A______ SA a notamment allégué que le contrat "conseil & outils de communication" du 18 août 2016, que B______ SA a accepté par écrit en validant les offres successives s'inscrivant dans son cadre, contenait des "dispositions-cadres" s'appliquant à toutes les relations contractuelles entre les parties. Elle a en outre réitéré sa demande d'audition du témoin C______ si les éléments au dossier ne devaient pas permettre d'arriver à cette conclusion.

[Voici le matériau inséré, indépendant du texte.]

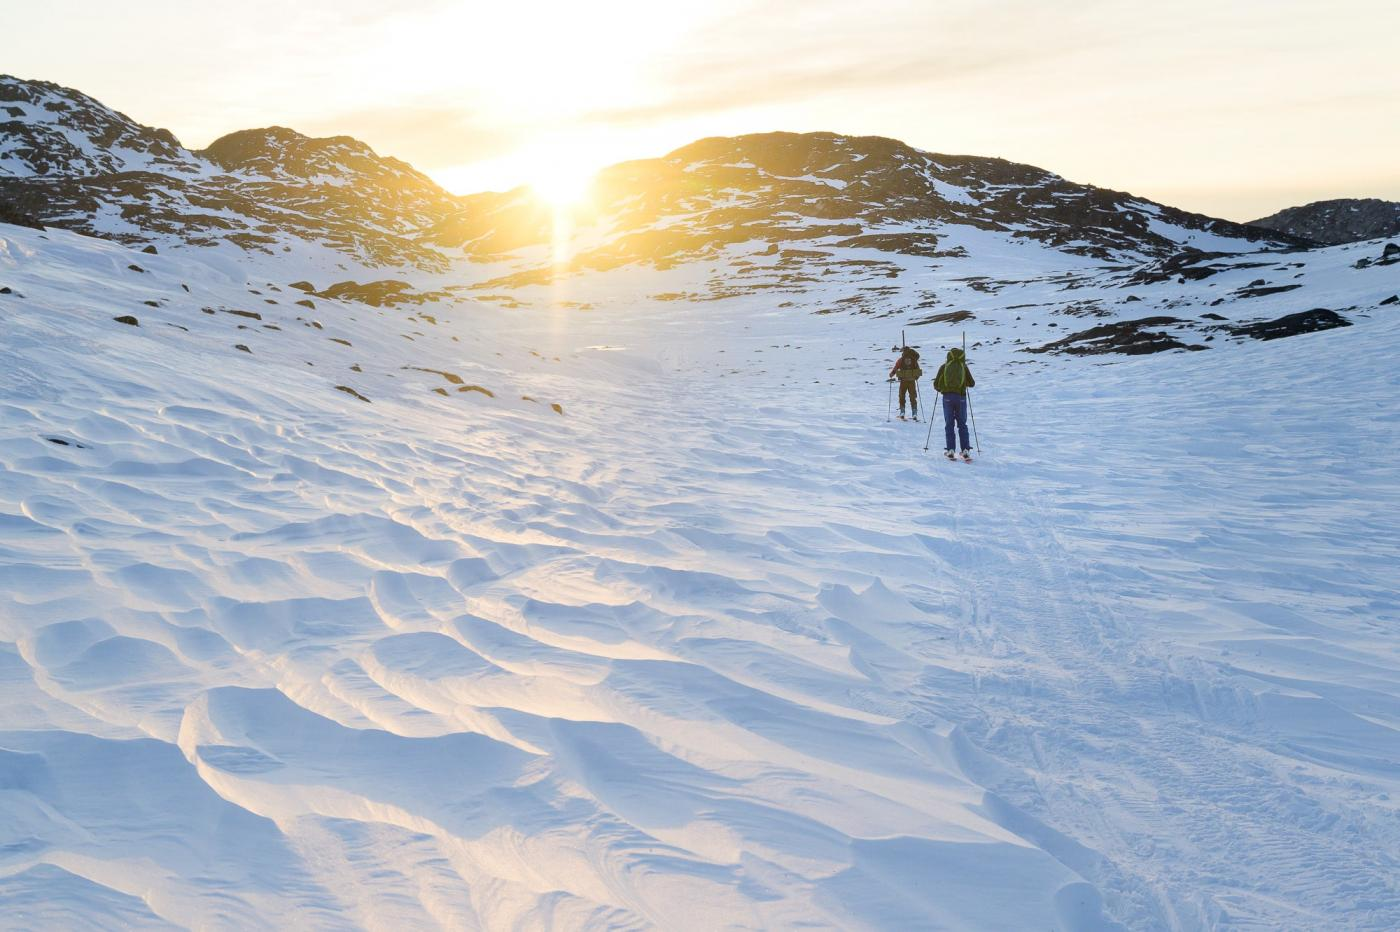 Randonee hunting. Photo by Ilulissat Adventure

E. Aux termes du jugement entrepris, le Tribunal a considéré que, compte tenu du fait que le siège de B______ SA se situait à E______, les tribunaux neuchâtelois étaient en principe, à teneur de l'art. 10 al. 1 let. b CPC, compétents à raison du lieu pour connaître du litige opposant les parties. Il ne résultait au demeurant pas des éléments au dossier que B______ SA aurait accepté la clause de prorogation de for en faveur des tribunaux genevois contenue à l'art. 14 du contrat "conseil & outils de communication" du 18 août 2016. L'échange de courriels du 16 août 2016 ne permettait en effet pas de considérer que ce contrat avait été transmis à B______ SA et accepté par celle-ci, ce document n'étant pas mentionné dans les pièces jointes. En outre, même en admettant que le contrat eût été adressé en pièce jointe à B______ SA, la teneur dudit échange de courriels démontrait que la question d'une élection de for en faveur des tribunaux genevois n'avait pas été abordée ou discutée par les parties et qu'en conséquence B______ SA n'avait pas accepté une telle élection de for. A défaut de l'existence d'une prorogation de for respectant les conditions de forme de l'art. 17 al. 2 CPC, il ne pouvait se déclarer compétent à raison du lieu sans violer l'art. 10 CPC.
EN DROIT
- 1.1 L'appel est recevable pour avoir été interjeté auprès de l'autorité compétente (art. 120 al. 1 let. a LOJ), dans le délai utile de 30 jours (art. 145 al. 1 let. b et 311 al. 1 CPC) et selon la forme prescrite par la loi (art. 130, 131 et 311 CPC), contre une décision finale de première instance (art. 308 al. 1 let. a CPC) rendue dans une affaire patrimoniale dont la valeur litigieuse est, compte tenu de la somme réclamée par l'appelante à l'intimée en première instance, supérieure à 10'000 fr. (art. 91 al. 1 et 308 al. 2 CPC).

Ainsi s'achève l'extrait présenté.